▶ [TASK OBJECTIVE] Set down the entries below once more, precisely as they stand.
━━━━━ EXERCISE MATERIALS
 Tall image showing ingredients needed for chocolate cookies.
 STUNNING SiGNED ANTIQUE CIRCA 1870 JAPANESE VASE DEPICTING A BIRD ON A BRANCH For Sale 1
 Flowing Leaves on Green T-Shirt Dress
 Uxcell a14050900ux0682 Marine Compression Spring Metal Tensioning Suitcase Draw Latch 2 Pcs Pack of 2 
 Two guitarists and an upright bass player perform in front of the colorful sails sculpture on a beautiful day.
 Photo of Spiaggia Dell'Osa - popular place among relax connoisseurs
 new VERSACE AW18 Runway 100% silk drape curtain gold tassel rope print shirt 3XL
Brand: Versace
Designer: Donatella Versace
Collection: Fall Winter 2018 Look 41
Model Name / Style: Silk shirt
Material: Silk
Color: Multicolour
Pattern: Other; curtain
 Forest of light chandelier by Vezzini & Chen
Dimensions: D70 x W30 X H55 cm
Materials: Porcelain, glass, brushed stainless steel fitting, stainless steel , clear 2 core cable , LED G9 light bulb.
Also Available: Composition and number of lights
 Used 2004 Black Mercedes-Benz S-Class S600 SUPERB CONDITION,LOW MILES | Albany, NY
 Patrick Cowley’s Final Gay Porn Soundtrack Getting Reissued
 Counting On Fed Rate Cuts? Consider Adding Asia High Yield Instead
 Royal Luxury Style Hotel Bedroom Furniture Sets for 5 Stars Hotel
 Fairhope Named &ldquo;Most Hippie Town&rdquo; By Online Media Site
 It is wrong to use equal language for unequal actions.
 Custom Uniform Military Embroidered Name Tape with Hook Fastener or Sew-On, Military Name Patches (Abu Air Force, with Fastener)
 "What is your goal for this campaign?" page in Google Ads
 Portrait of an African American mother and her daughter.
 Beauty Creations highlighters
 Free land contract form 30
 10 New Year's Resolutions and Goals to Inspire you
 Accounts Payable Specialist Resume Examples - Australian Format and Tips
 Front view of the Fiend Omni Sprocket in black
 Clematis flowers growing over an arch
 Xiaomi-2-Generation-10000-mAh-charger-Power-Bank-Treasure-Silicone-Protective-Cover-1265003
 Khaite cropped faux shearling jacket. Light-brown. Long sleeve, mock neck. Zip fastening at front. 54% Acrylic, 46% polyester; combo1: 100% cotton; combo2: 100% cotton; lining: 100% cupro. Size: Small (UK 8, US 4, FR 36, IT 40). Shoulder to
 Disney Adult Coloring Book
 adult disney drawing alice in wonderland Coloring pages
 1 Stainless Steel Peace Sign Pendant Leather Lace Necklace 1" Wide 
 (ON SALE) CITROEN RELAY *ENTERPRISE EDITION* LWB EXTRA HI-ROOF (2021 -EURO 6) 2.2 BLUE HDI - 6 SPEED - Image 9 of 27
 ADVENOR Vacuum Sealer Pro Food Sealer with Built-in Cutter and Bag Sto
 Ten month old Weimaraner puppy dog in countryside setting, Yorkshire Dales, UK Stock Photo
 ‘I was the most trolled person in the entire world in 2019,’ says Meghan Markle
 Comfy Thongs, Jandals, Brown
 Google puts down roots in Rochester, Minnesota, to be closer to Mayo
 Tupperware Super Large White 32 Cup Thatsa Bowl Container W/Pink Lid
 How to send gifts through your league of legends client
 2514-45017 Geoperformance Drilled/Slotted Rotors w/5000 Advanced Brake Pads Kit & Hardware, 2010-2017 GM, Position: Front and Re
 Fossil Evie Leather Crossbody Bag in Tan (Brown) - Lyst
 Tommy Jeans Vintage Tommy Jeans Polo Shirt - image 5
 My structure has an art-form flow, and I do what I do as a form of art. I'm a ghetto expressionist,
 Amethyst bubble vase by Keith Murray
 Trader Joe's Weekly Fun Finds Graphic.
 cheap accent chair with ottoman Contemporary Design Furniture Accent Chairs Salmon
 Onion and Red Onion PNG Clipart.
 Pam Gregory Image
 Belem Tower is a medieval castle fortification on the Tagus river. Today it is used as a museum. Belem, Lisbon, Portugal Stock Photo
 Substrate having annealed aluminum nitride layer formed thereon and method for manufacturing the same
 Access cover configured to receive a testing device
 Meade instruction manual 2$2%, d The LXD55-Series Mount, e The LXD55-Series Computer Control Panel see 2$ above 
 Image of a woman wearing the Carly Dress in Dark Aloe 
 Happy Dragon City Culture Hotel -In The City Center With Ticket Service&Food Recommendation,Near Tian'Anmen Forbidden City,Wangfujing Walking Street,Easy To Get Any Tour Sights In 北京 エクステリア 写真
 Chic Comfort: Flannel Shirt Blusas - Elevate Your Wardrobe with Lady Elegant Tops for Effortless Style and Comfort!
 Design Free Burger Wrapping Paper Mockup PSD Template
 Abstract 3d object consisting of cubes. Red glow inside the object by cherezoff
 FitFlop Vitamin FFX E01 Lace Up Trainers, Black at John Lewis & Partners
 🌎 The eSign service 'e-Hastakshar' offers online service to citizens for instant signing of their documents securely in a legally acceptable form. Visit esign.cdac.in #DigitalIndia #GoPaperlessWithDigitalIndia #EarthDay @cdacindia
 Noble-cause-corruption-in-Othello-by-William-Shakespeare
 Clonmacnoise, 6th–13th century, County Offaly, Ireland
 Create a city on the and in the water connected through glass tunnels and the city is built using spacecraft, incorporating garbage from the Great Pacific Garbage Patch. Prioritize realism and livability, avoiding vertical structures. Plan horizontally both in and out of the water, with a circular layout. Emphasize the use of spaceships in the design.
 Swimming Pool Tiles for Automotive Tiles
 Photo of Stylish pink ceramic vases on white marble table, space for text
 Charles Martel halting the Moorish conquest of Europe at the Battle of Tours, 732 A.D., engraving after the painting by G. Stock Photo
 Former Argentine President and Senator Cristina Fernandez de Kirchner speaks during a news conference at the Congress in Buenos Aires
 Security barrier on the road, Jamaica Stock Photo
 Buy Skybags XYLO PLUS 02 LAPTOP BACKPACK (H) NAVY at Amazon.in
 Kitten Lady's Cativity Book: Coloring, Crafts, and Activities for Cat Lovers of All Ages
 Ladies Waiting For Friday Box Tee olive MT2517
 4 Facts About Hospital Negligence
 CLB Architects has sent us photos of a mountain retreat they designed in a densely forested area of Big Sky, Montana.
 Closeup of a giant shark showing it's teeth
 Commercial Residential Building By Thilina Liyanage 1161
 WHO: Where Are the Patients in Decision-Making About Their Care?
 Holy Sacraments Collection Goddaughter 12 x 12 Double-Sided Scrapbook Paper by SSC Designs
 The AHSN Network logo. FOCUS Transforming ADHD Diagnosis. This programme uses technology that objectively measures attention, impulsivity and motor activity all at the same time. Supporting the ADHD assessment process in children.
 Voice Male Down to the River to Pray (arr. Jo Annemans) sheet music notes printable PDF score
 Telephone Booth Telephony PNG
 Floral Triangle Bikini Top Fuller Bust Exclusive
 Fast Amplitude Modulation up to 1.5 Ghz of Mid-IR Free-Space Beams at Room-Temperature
━━━━━━━━━━
▶ [WRITTEN RESPONSE]
 Tall image showing ingredients needed for chocolate cookies.
 STUNNING SiGNED ANTIQUE CIRCA 1870 JAPANESE VASE DEPICTING A BIRD ON A BRANCH For Sale 1
 Flowing Leaves on Green T-Shirt Dress
 Uxcell a14050900ux0682 Marine Compression Spring Metal Tensioning Suitcase Draw Latch 2 Pcs Pack of 2 
 Two guitarists and an upright bass player perform in front of the colorful sails sculpture on a beautiful day.
 Photo of Spiaggia Dell'Osa - popular place among relax connoisseurs
 new VERSACE AW18 Runway 100% silk drape curtain gold tassel rope print shirt 3XL
Brand: Versace
Designer: Donatella Versace
Collection: Fall Winter 2018 Look 41
Model Name / Style: Silk shirt
Material: Silk
Color: Multicolour
Pattern: Other; curtain
 Forest of light chandelier by Vezzini & Chen
Dimensions: D70 x W30 X H55 cm
Materials: Porcelain, glass, brushed stainless steel fitting, stainless steel , clear 2 core cable , LED G9 light bulb.
Also Available: Composition and number of lights
 Used 2004 Black Mercedes-Benz S-Class S600 SUPERB CONDITION,LOW MILES | Albany, NY
 Patrick Cowley’s Final Gay Porn Soundtrack Getting Reissued
 Counting On Fed Rate Cuts? Consider Adding Asia High Yield Instead
 Royal Luxury Style Hotel Bedroom Furniture Sets for 5 Stars Hotel
 Fairhope Named &ldquo;Most Hippie Town&rdquo; By Online Media Site
 It is wrong to use equal language for unequal actions.
 Custom Uniform Military Embroidered Name Tape with Hook Fastener or Sew-On, Military Name Patches (Abu Air Force, with Fastener)
 "What is your goal for this campaign?" page in Google Ads
 Portrait of an African American mother and her daughter.
 Beauty Creations highlighters
 Free land contract form 30
 10 New Year's Resolutions and Goals to Inspire you
 Accounts Payable Specialist Resume Examples - Australian Format and Tips
 Front view of the Fiend Omni Sprocket in black
 Clematis flowers growing over an arch
 Xiaomi-2-Generation-10000-mAh-charger-Power-Bank-Treasure-Silicone-Protective-Cover-1265003
 Khaite cropped faux shearling jacket. Light-brown. Long sleeve, mock neck. Zip fastening at front. 54% Acrylic, 46% polyester; combo1: 100% cotton; combo2: 100% cotton; lining: 100% cupro. Size: Small (UK 8, US 4, FR 36, IT 40). Shoulder to
 Disney Adult Coloring Book
 adult disney drawing alice in wonderland Coloring pages
 1 Stainless Steel Peace Sign Pendant Leather Lace Necklace 1" Wide 
 (ON SALE) CITROEN RELAY *ENTERPRISE EDITION* LWB EXTRA HI-ROOF (2021 -EURO 6) 2.2 BLUE HDI - 6 SPEED - Image 9 of 27
 ADVENOR Vacuum Sealer Pro Food Sealer with Built-in Cutter and Bag Sto
 Ten month old Weimaraner puppy dog in countryside setting, Yorkshire Dales, UK Stock Photo
 ‘I was the most trolled person in the entire world in 2019,’ says Meghan Markle
 Comfy Thongs, Jandals, Brown
 Google puts down roots in Rochester, Minnesota, to be closer to Mayo
 Tupperware Super Large White 32 Cup Thatsa Bowl Container W/Pink Lid
 How to send gifts through your league of legends client
 2514-45017 Geoperformance Drilled/Slotted Rotors w/5000 Advanced Brake Pads Kit & Hardware, 2010-2017 GM, Position: Front and Re
 Fossil Evie Leather Crossbody Bag in Tan (Brown) - Lyst
 Tommy Jeans Vintage Tommy Jeans Polo Shirt - image 5
 My structure has an art-form flow, and I do what I do as a form of art. I'm a ghetto expressionist,
 Amethyst bubble vase by Keith Murray
 Trader Joe's Weekly Fun Finds Graphic.
 cheap accent chair with ottoman Contemporary Design Furniture Accent Chairs Salmon
 Onion and Red Onion PNG Clipart.
 Pam Gregory Image
 Belem Tower is a medieval castle fortification on the Tagus river. Today it is used as a museum. Belem, Lisbon, Portugal Stock Photo
 Substrate having annealed aluminum nitride layer formed thereon and method for manufacturing the same
 Access cover configured to receive a testing device
 Meade instruction manual 2$2%, d The LXD55-Series Mount, e The LXD55-Series Computer Control Panel see 2$ above 
 Image of a woman wearing the Carly Dress in Dark Aloe 
 Happy Dragon City Culture Hotel -In The City Center With Ticket Service&Food Recommendation,Near Tian'Anmen Forbidden City,Wangfujing Walking Street,Easy To Get Any Tour Sights In 北京 エクステリア 写真
 Chic Comfort: Flannel Shirt Blusas - Elevate Your Wardrobe with Lady Elegant Tops for Effortless Style and Comfort!
 Design Free Burger Wrapping Paper Mockup PSD Template
 Abstract 3d object consisting of cubes. Red glow inside the object by cherezoff
 FitFlop Vitamin FFX E01 Lace Up Trainers, Black at John Lewis & Partners
 🌎 The eSign service 'e-Hastakshar' offers online service to citizens for instant signing of their documents securely in a legally acceptable form. Visit esign.cdac.in #DigitalIndia #GoPaperlessWithDigitalIndia #EarthDay @cdacindia
 Noble-cause-corruption-in-Othello-by-William-Shakespeare
 Clonmacnoise, 6th–13th century, County Offaly, Ireland
 Create a city on the and in the water connected through glass tunnels and the city is built using spacecraft, incorporating garbage from the Great Pacific Garbage Patch. Prioritize realism and livability, avoiding vertical structures. Plan horizontally both in and out of the water, with a circular layout. Emphasize the use of spaceships in the design.
 Swimming Pool Tiles for Automotive Tiles
 Photo of Stylish pink ceramic vases on white marble table, space for text
 Charles Martel halting the Moorish conquest of Europe at the Battle of Tours, 732 A.D., engraving after the painting by G. Stock Photo
 Former Argentine President and Senator Cristina Fernandez de Kirchner speaks during a news conference at the Congress in Buenos Aires
 Security barrier on the road, Jamaica Stock Photo
 Buy Skybags XYLO PLUS 02 LAPTOP BACKPACK (H) NAVY at Amazon.in
 Kitten Lady's Cativity Book: Coloring, Crafts, and Activities for Cat Lovers of All Ages
 Ladies Waiting For Friday Box Tee olive MT2517
 4 Facts About Hospital Negligence
 CLB Architects has sent us photos of a mountain retreat they designed in a densely forested area of Big Sky, Montana.
 Closeup of a giant shark showing it's teeth
 Commercial Residential Building By Thilina Liyanage 1161
 WHO: Where Are the Patients in Decision-Making About Their Care?
 Holy Sacraments Collection Goddaughter 12 x 12 Double-Sided Scrapbook Paper by SSC Designs
 The AHSN Network logo. FOCUS Transforming ADHD Diagnosis. This programme uses technology that objectively measures attention, impulsivity and motor activity all at the same time. Supporting the ADHD assessment process in children.
 Voice Male Down to the River to Pray (arr. Jo Annemans) sheet music notes printable PDF score
 Telephone Booth Telephony PNG
 Floral Triangle Bikini Top Fuller Bust Exclusive
 Fast Amplitude Modulation up to 1.5 Ghz of Mid-IR Free-Space Beams at Room-Temperature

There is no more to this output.